А как сейчас, когда акционерами и владельцами являются хрен знает кто, ни бельмеса не соображающие в том, как работает то, что им досталось? Вот мой пример. Наш завод был отдан «под управление» некой как бы японской фирме, у которой японского было только то, что ее президентом был подставной японец – разорившийся владелец какого-то токийского ресторана. Его, впрочем, никто и не видел, поскольку собственно «управленцы» были американскими евреями советского происхождения, а директором завода они назначили специалиста с опытом торговли помидорами, надо думать, крупными партиями. Наверное, ему удавалось и целый вагон продать. Все эти «специалисты» искренне считали, что наш завод производит только феррохром, а когда узнали, что 75 % мощностей завода предназначено и выплавляет ферросилиций, то для них это стало откровением. Ведь они, бедные, и слово это услышали впервые уже тогда, когда Назарбаев отдал им, этим «японским специалистам», мощнейшее в мире предприятие. Я с ними не работал, поэтому не представляю, каково это, но как вы работаете с подобным начальством?
Во-вторых. В СССР главным начальником для нас был Госплан – он устанавливал план производства. Если ты, директор, этот план и план по себестоимости выполнял и смертельного травматизма на заводе было немного, то тебя никто не мог снять – не было оснований.
– Ну, нет, – тут же перебил меня Э. – Могли, и еще как! Что толку, что они были бывшие директора заводов, а придурки среди них были только такие!
(Тут мне Э возразить было нечего – я сам в жизни насмотрелся на таких придурков.)
– Однако вспомним, ведь такие придурки и сами долго не работали, их самих снимали. Кроме этого, все зависело от человека: если он по жизни перепуган, то покорно уйдет с должности, а если нет? Он же дойдет до министра и до ЦК партии, и тогда еще неизвестно, кого, в конце концов, снимут – его, хорошо работающего директора, или придурка, намеревающегося его снять. У меня был случай, когда меня так снимали – заставляли самого уйти с должности, иначе, якобы, хуже будет. Однако я уперся, потребовал приказ с основаниями снятия, и в результате меня в должности резко повысили. Однако сейчас я не о придурках, а о директорском самочувствии.
Когда был Госплан и ты его задание выполнял, то мог быть спокоен – ты взял с завода все, что мог, поскольку Госплан и план тебе давал, как правило, с превышением проектной мощности. Госплан как бы давал тебе объективную планку, и если ты ее перепрыгивал, то, значит, ты хороший директор и снять тебя с должности трудно, если не невозможно.

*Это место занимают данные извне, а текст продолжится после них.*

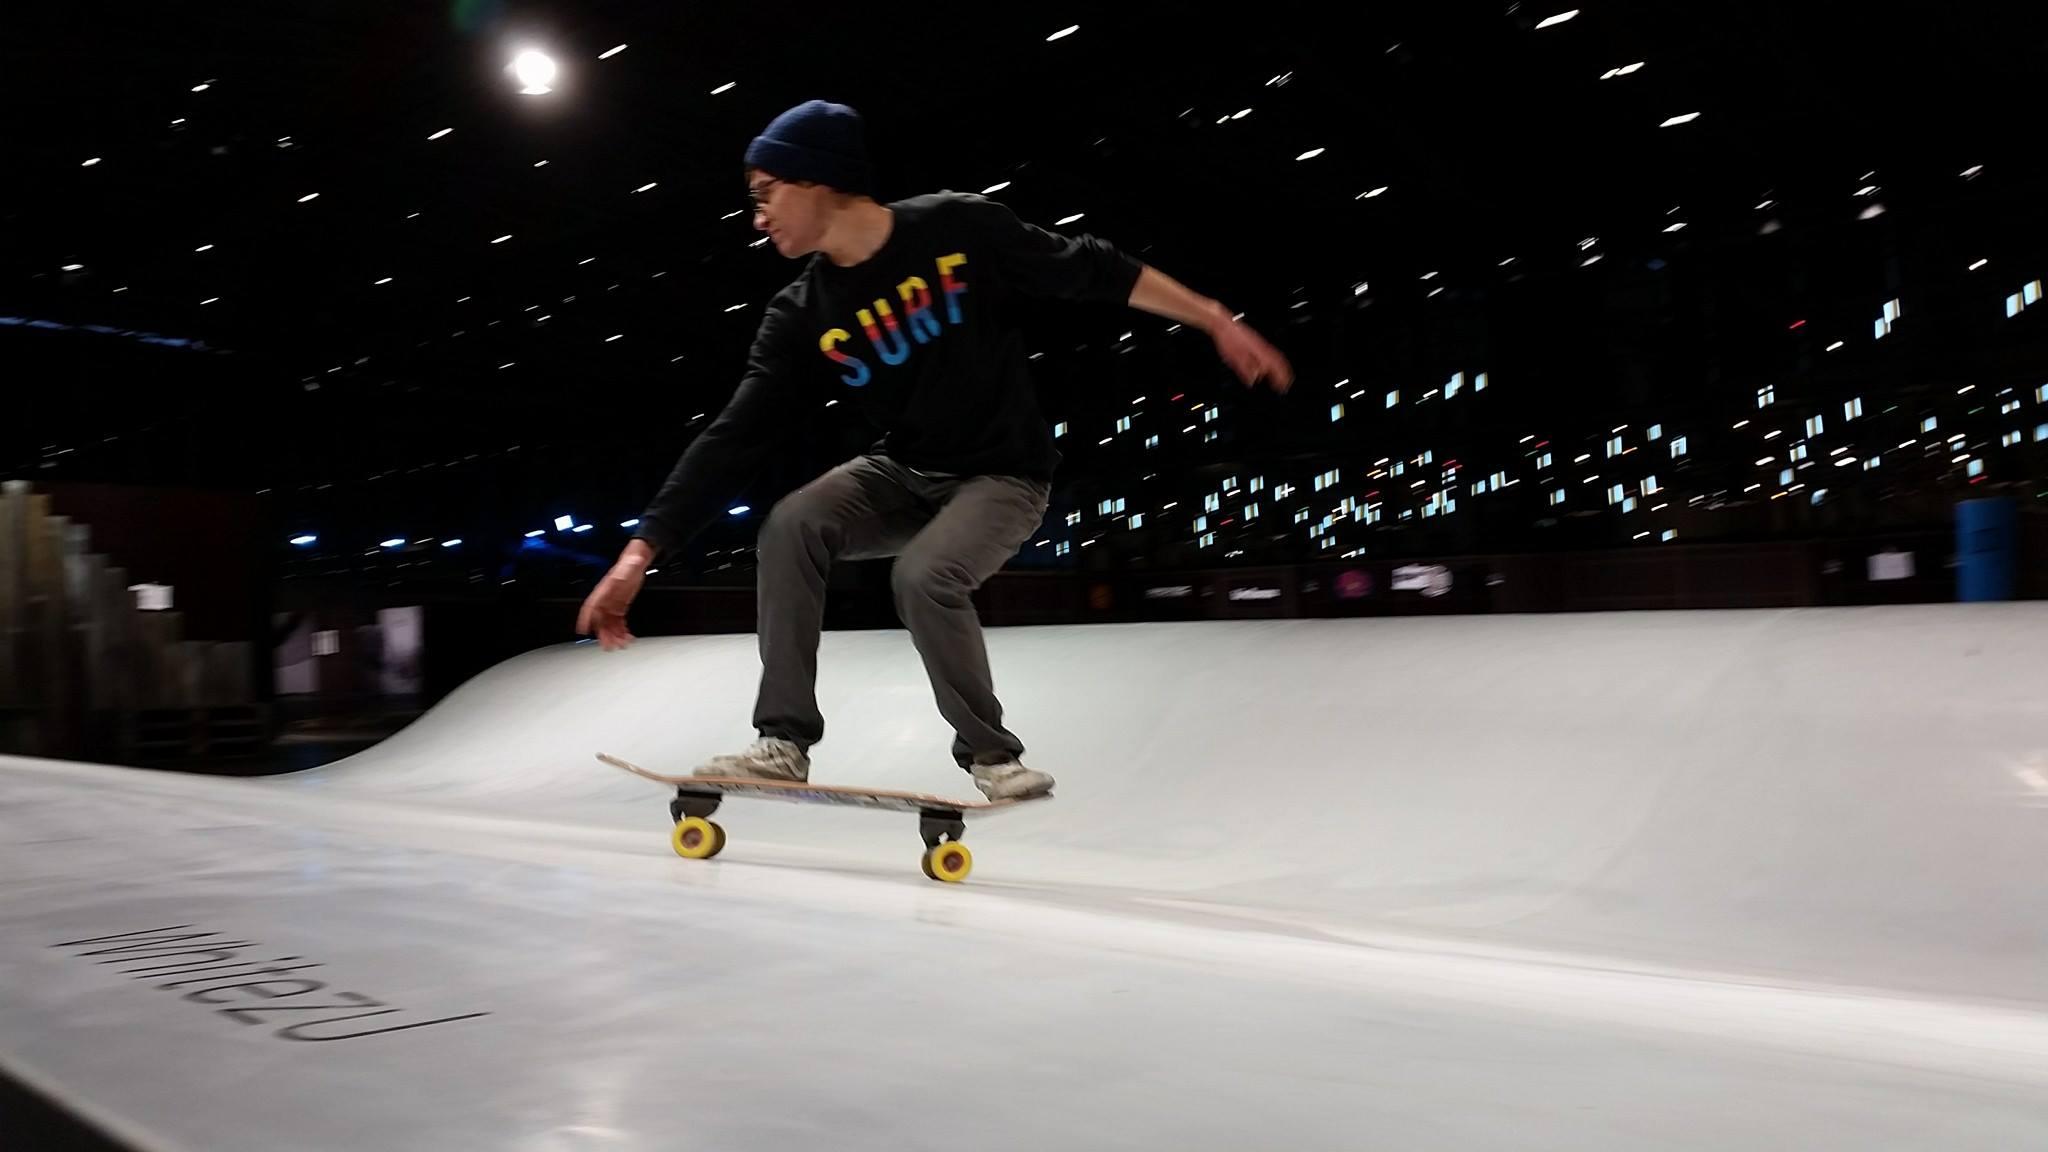 Whitezu Surfskate Urban Wave at ISPO Munich

Но сейчас-то этой планки нет. Вот вы работаете прекрасно, и сами это понимаете. Но кто это понимает еще, кроме вас? Ну где гарантия, что какой-то тип, позарившийся на те доходы, которые вы имеете от акционеров, не нашептывает им, что вы старый дурак совковой школы, что работать в новых условиях не умеете, что любой на вашем месте даст прибыли в три раза больше, и т. д. и т. п.? И как вам быть? У вас нет и руководителей, которые бы могли оценить вас, исходя из вашего опыта и вашей реальной работы, и нет планки, по которой бы вас можно было оценить объективно.

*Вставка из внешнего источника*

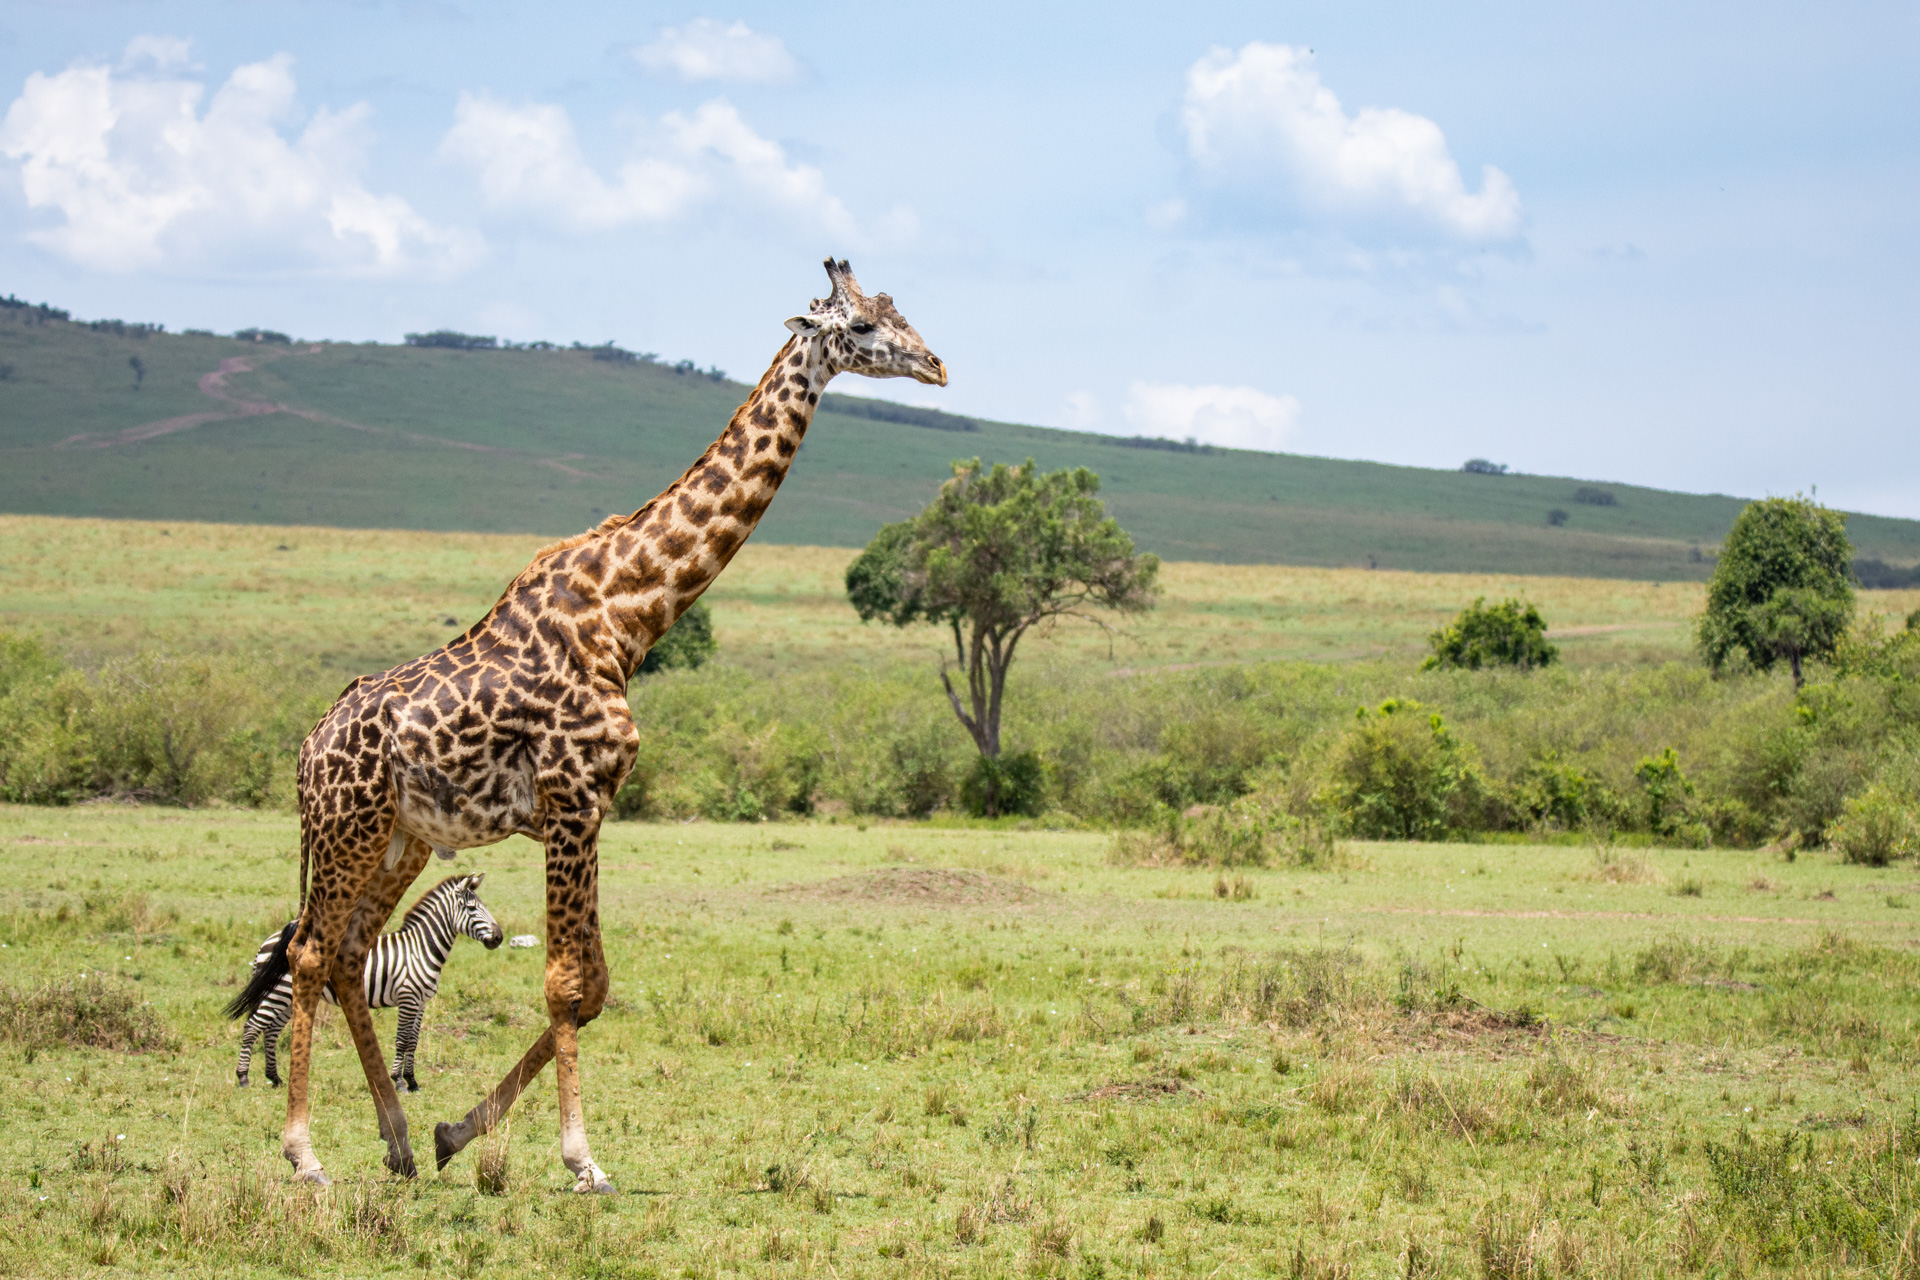 Giraffe running and zebra between it's legs

Этот мой вопрос то ли не приходил Э и Т в голову, то ли они давно уже его пережили и забыли. Во всяком случае, последовала пауза, во время которой Э курил и, скорее всего, прикидывал, нужно ли мне вообще отвечать? Но, отдам ему должное, он ответил, и его ответ следует считать откровенным. Однако начал он издалека.
Собственники
– Что касается тех, кто сегодня владеет собственностью, то тут следует говорить о них поэтапно.
Первые «собственники», свалившиеся на заводы развалившегося Союза, спешили украсть как можно быстрее, вы же, наверное, помните, как они воровали: продавали продукцию на Запад по «смешным ценам», а там, на Западе, делились разницей с покупателями и клали деньги на счета в западных банках. Эти собственники нам не доверяли – боялись, что и мы украдем, поэтому приходили своими командами, снимая нас с должностей.
Однако производство разваливалось, сделать они ничего не могли, и нас снова вернули на свои места. Вторая волна «собственников» тоже боялась, но уже не нас – не того, что мы украдем у них, а того, что их собственность у них отберут – либо государство, либо «братки». Нам ставили жесткое условие – дать им прибыль любой ценой. И мы давали за счет всего – за счет капремонтов и технического перевооружения, одним словом, за счет полного морального и физического износа оборудования.
Но сейчас третья волна, и нам порою трудно понять, чего хозяину надо. Тут все зависит от того, кто акционеры – кто владельцы.
Одни требуют максимальной капитализации, т. е. чтобы их акции на фондовой бирже стоили максимально дорого…
Прерву Э. Тут я расспросил его, что это дает акционеру, и перескажу суть этого диалога сам, стараясь упростить ее до предела.